→ **WHAT THIS TASK INVOLVES**
Using the records below, repeat exactly the lines from the one holding "Yourrrangel Ladyboy, Filipino" through the one holding "mujer's Paul verde", both ends included, and no others.

→ **GIVEN DATA**
·····

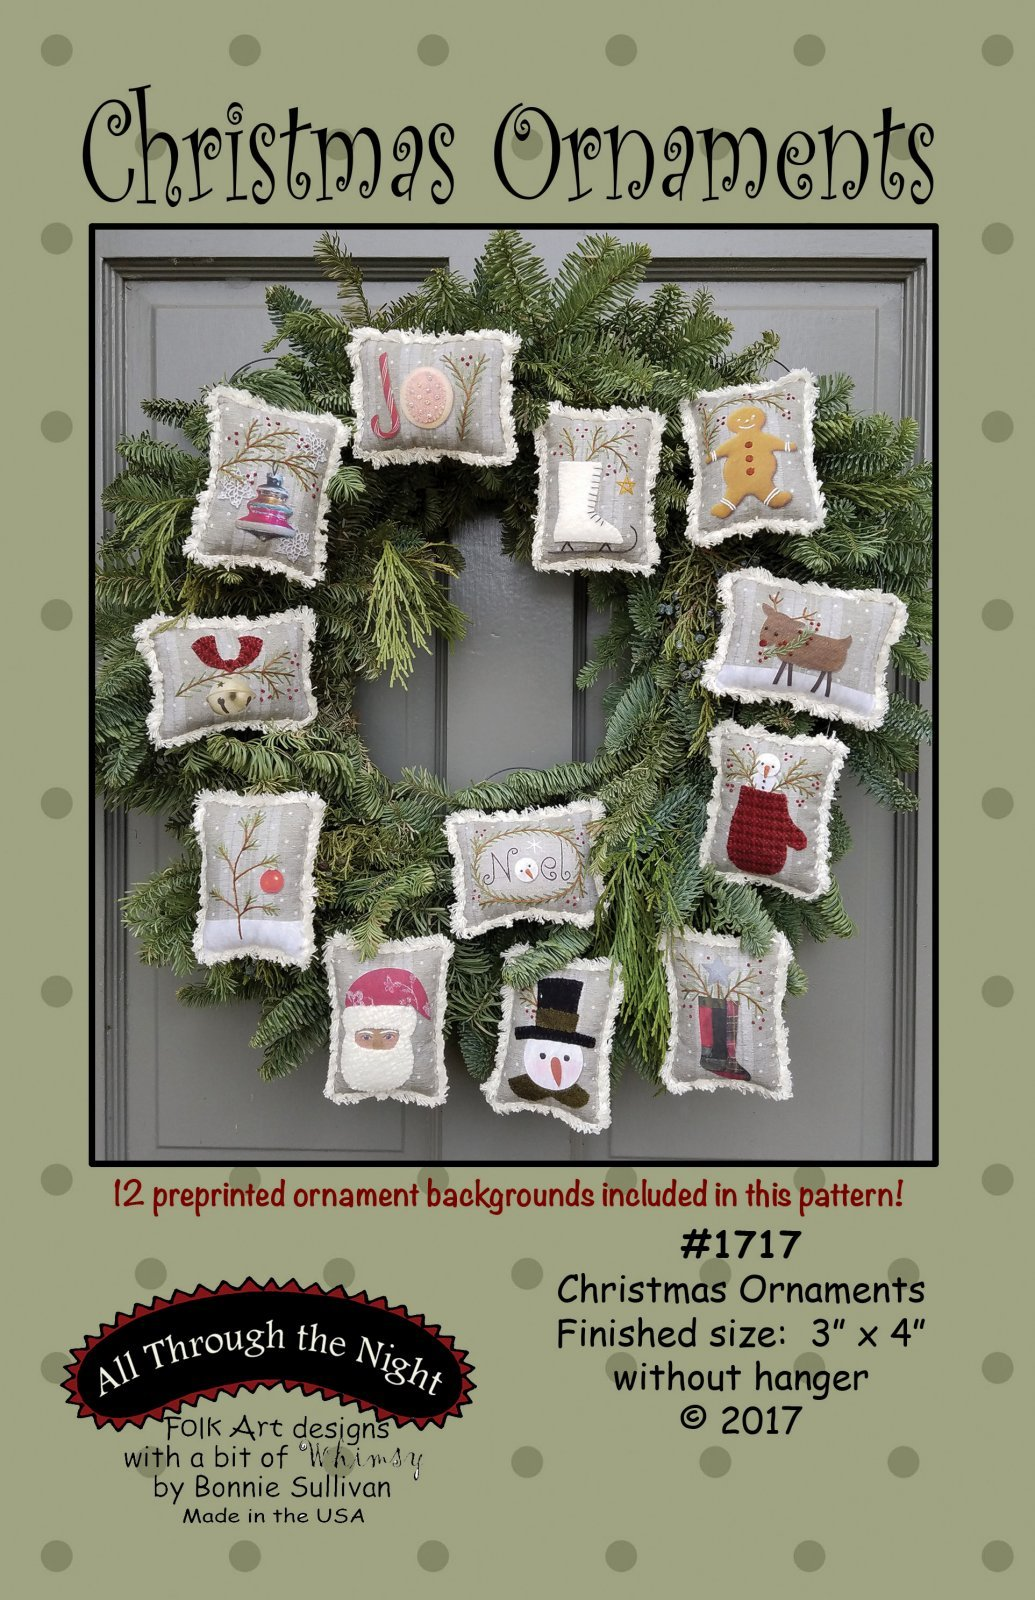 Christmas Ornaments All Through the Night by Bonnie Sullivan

·····

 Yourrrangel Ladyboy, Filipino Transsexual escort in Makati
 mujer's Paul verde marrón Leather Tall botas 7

·····

→ **WRITTEN SOLUTION**
 Yourrrangel Ladyboy, Filipino Transsexual escort in Makati
 mujer's Paul verde marrón Leather Tall botas 7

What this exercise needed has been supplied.